Le message est censé apparaître une seule fois, il apparaît lorsqu'il a détecté un changement. La récurrence du message indique sans l'ombre d'un doute qu'il détecte des changements à chaque boot. OK. Ce qui veut dire qu'il y a un doute sur la stabilité de l'une des barrettes nouvellement rajoutées, ou bien d'un logement-mémoire avec un contact douteux.
Voici la marche à suivre:
1) ne garder que la nouvelle mémoire. Démarrer deux fois. Le problème est-il réglé? Si oui, rester dans cette config, car problème de co-habitation. Sinon, passer à 2).
2) Permuter les nouvelles barrettes entre elles d'une manière cyclique (Exemple pour 3 barrettes: déplacer la barrette 1 sur le logement 2, la barrette 2 sur le logement 3, et la barrette 3 sur le logement 1). Double démarrage. Problème réglé?
3) Sinon, permuter encore les barrettes dans le même sens. Double démarrage. Réglé? Sinon, permuter encore jusqu'à faire un cycle complet.

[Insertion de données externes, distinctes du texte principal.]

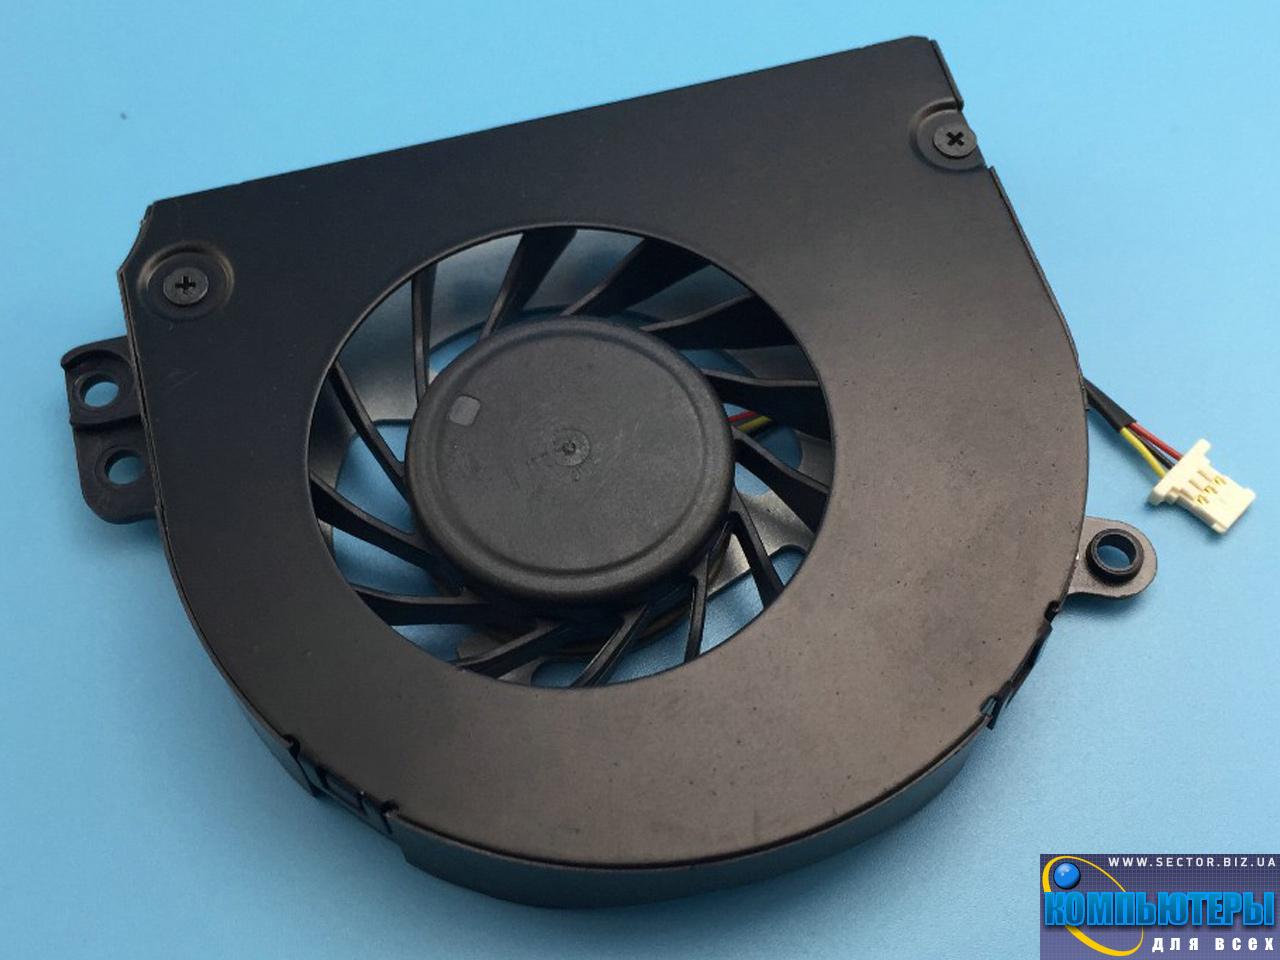 Кулер к ноутбуку Dell Inspiron 1464 1564 1764 P07E P08F P09G p/n: DFS531205HC0T F9S8. Фото № 4.

Si c'est toujours pas réglé comme ça, appeler le vendeur et demander un échange des barrettes achetées.


----------



## MarcMame (16 Novembre 2011)

Louis Prunelle a dit:


> Même petit truc casse-pieds; et "utilitaire de logement de mémoire" est introuvable, ni dans l'ordinateur, ni dans l'aide Mac, ni dans le support d'Apple.
> Je mettrais bien le contenu du cache de la bibliothèque utilisateurs à la poubelle... mais bien qu'il se reconstitue tout seul, j'hésite.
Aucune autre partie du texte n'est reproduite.